HWS News
3 January 2021 • Research Connecting Climate Change and Colonialism in Africa
As a 2020 Woodworth Fellow, Willa Dow '21 researched the impact of the French colonial legacy on the economies and environmental outlooks of four central African countries.
Willa Dow '21 was selected as a Stephen W. Woodworth '54 Fisher Center Student Summer Fellow. Offered to students in the Humanities, Social Sciences and Fine and Performing Arts, the fellowship encourages students to pursue their own academic projects over the summer. The central criterion is that the project must reflect the Fisher Center's mission of social justice around issues of gender, race and class.
A double major in French and Francophone studies and international relations, Dow began exploring the connections between colonialism and climate change in Africa during her international relations capstone course, Environmental Insecurity & Global Climate Change. As a Woodworth Fellow, she delved further into the topic, using tools from a course on quantitative research methods to structure her project, which asked how, if at all, have the lasting effects of colonialism impacted both the ability of African countries to respond to climate change and the lived experience of Africans in those countries.
Focusing on countries that were once French colonies Central African Republic, Niger, Cote D'Ivoire and Cameroon, Dow compared contemporary monetary programs, currencies and primary exports for a clearer look at the colonial impact on economies within a shared geographical zone.
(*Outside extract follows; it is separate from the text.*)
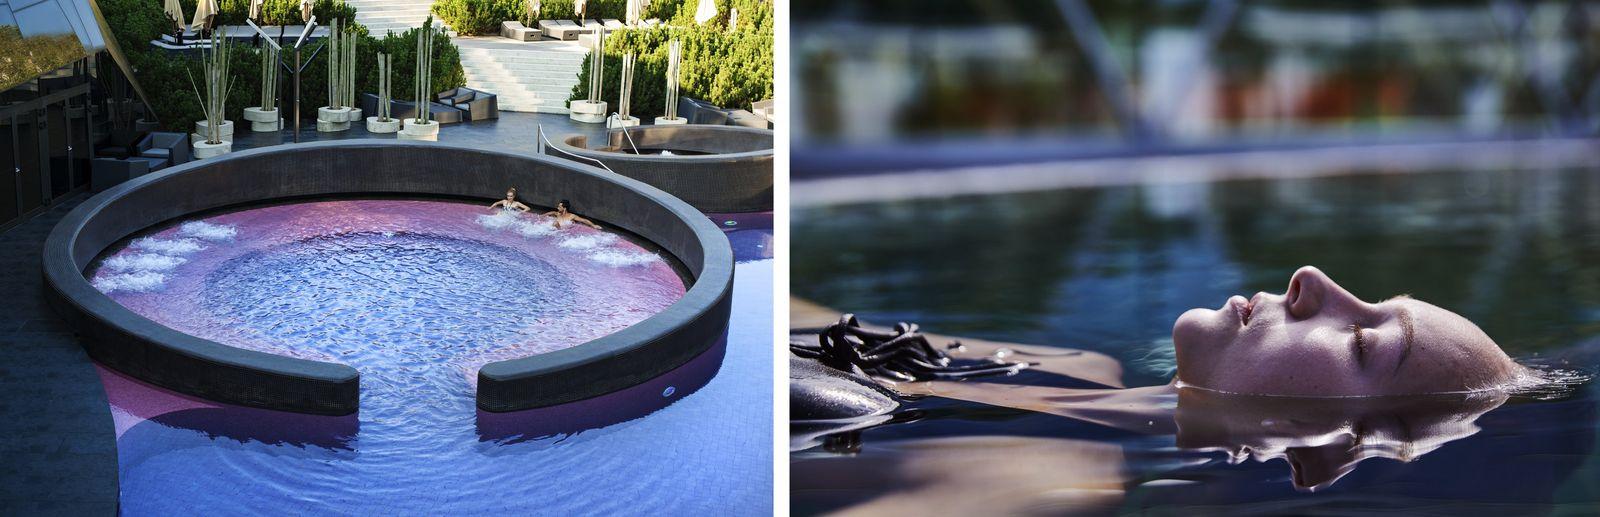 """Links: Die Terme Olimia lädt mir ihren modernen Thermalbadebecken zum Entspannen ein. Rechts: Das """"Schwarze Gold"""" ..."""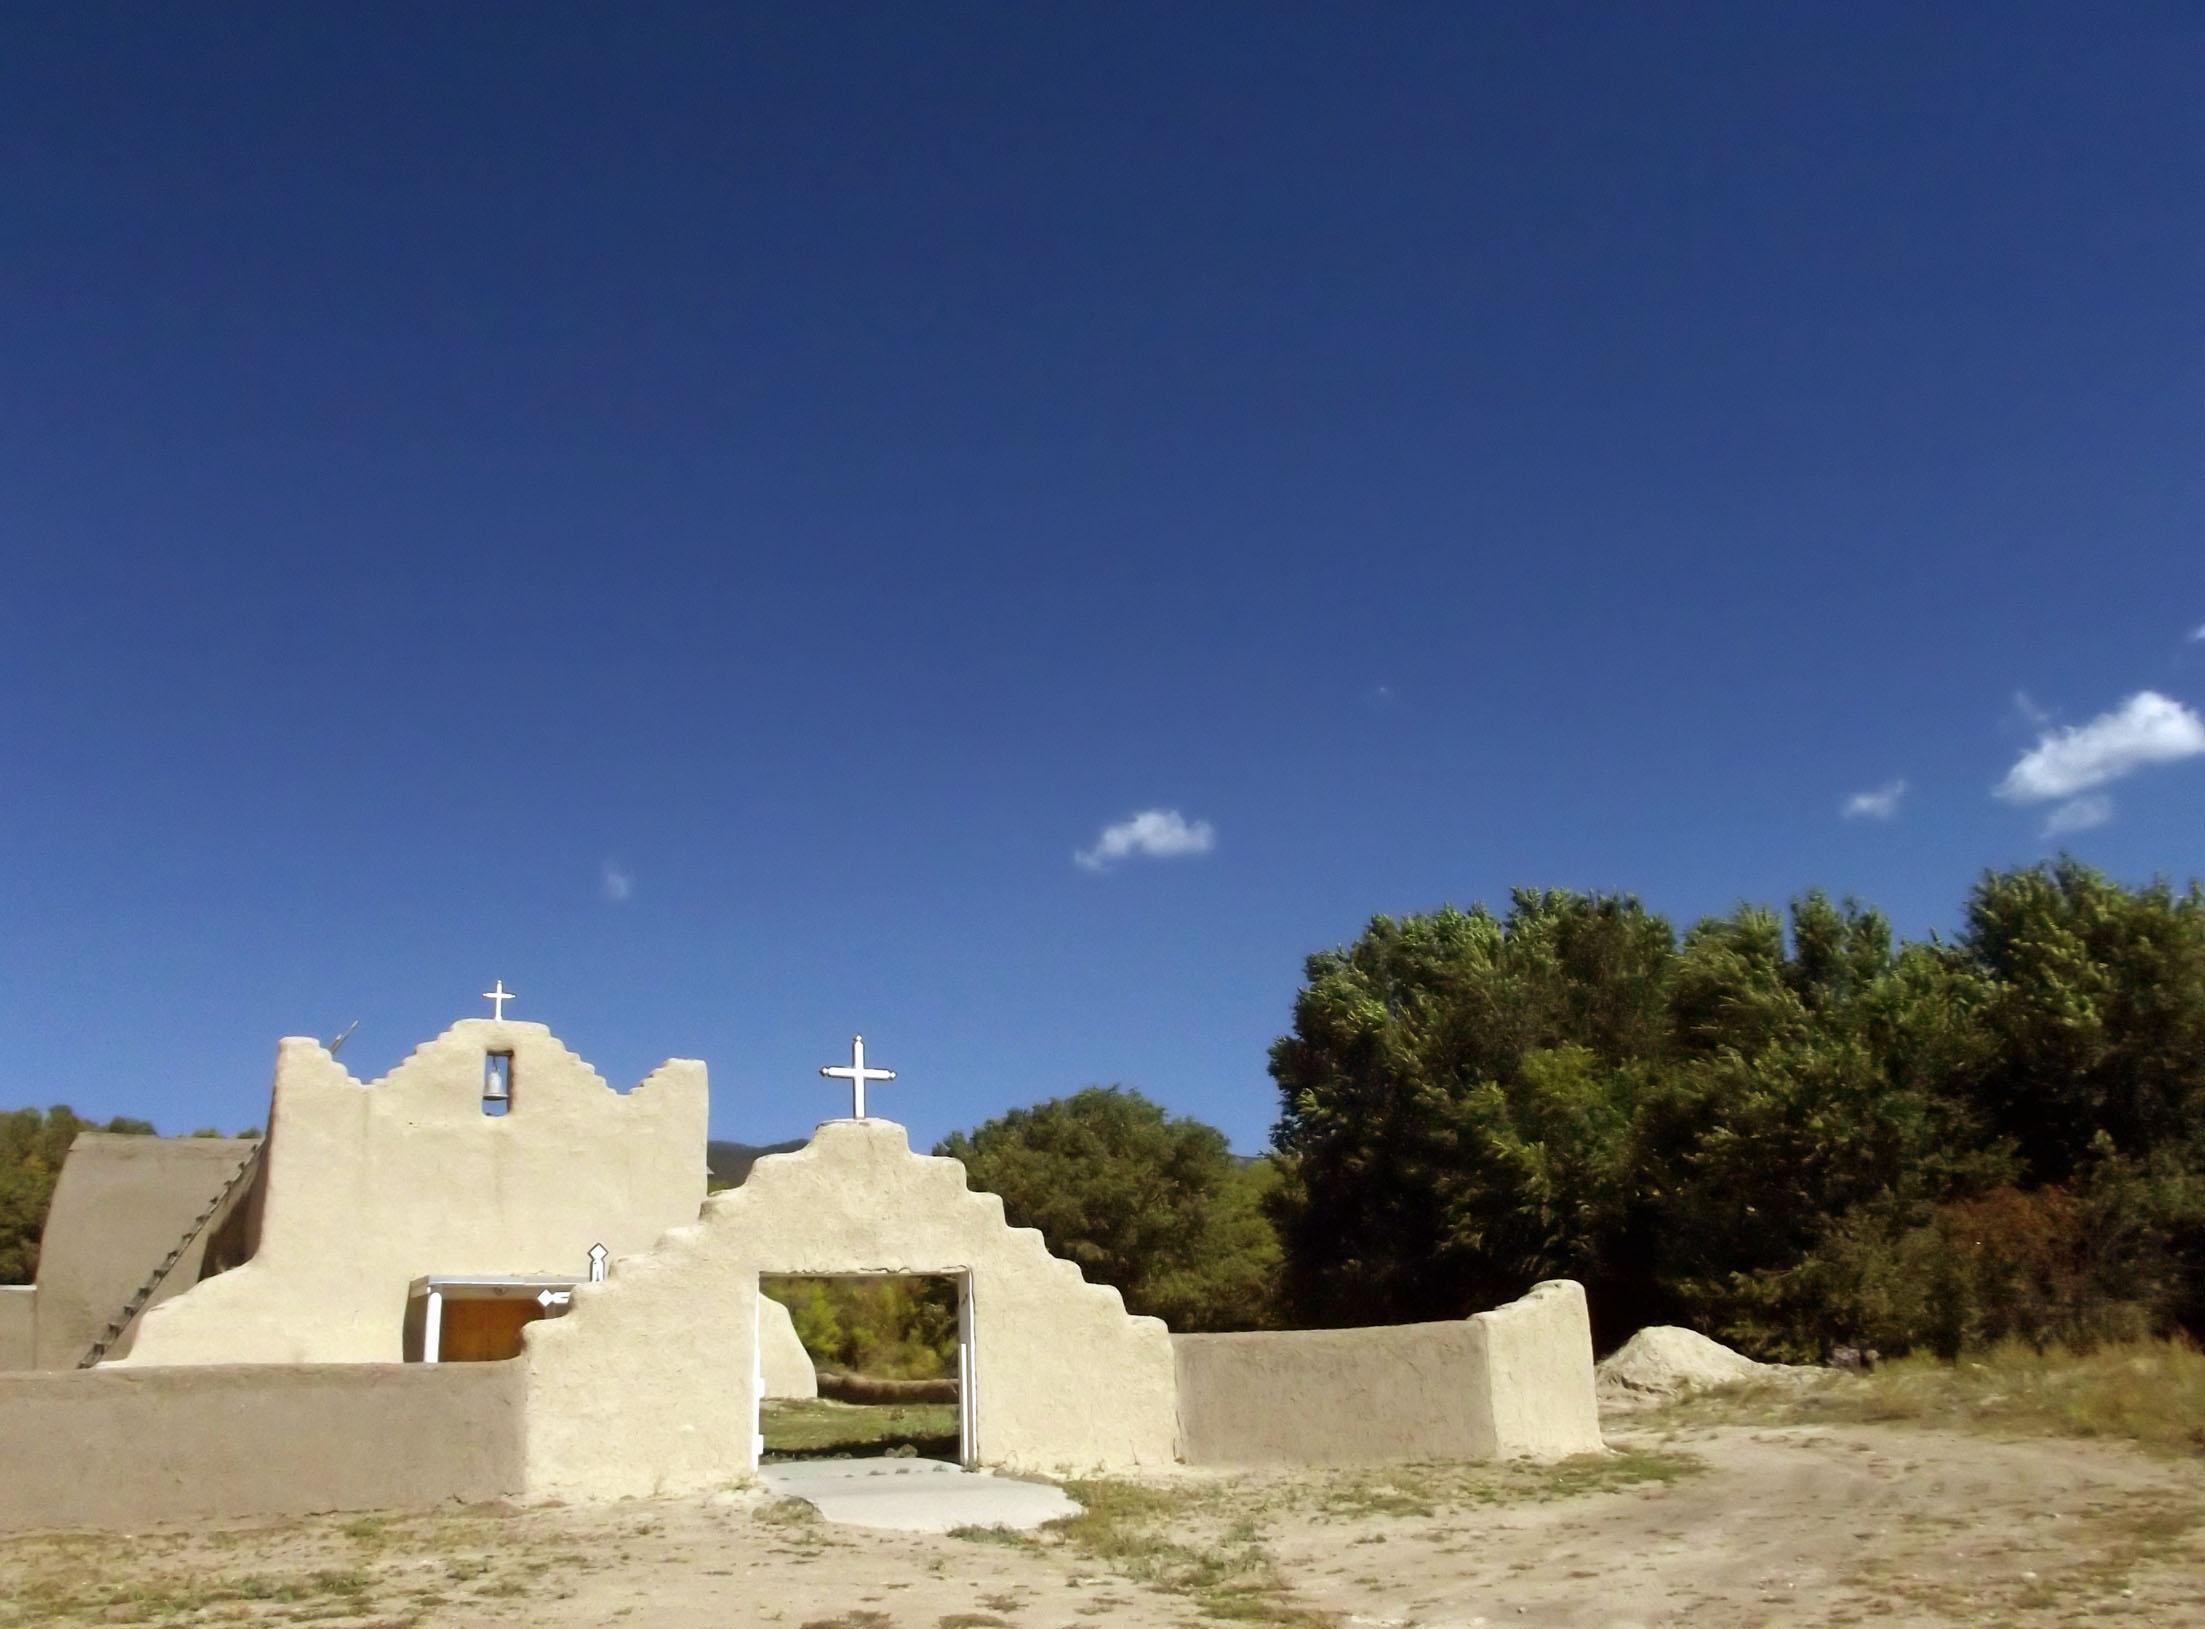 Adobe church, blue sky

Through this research, she found that the ways these countries are experiencing climate change are part of the legacy of colonialism, which has impacted the ability to have the governmental structures to respond.
Dow's work as a Woodworth Fellow "is the perfect project to describe what I've been studying at HWS," she says. While she enrolled at the Colleges with plans to focus on environmental studies, she took an introductory international relations course during her first year and absolutely loved it. "Since then, I have been obsessed with international politics, specifically in Africa."
The interdisciplinary nature of international relations has given a framework for her interests, ensuring that her courses in Arabic, French, economics, political science and environmental studies all started to come together.
She says that despite not having a major or minor in environmental studies, "it is something that has underscored my academic career and impacted the way I view political science. I really wanted to do this project because it focuses on how those who have contributed to climate change the least will be the most affected by it."
Dow presented her project virtually in October to an audience that included a number of professors whose courses really helped me get to this research question.
On campus, Dow is a member of the Model African Union and works in the Office of Admissions. She has been a tutor at the Boys & Girls Club of Geneva, and in 2019, she interned with Geneva City Court Judge, the Hon. Timothy J. Buckley.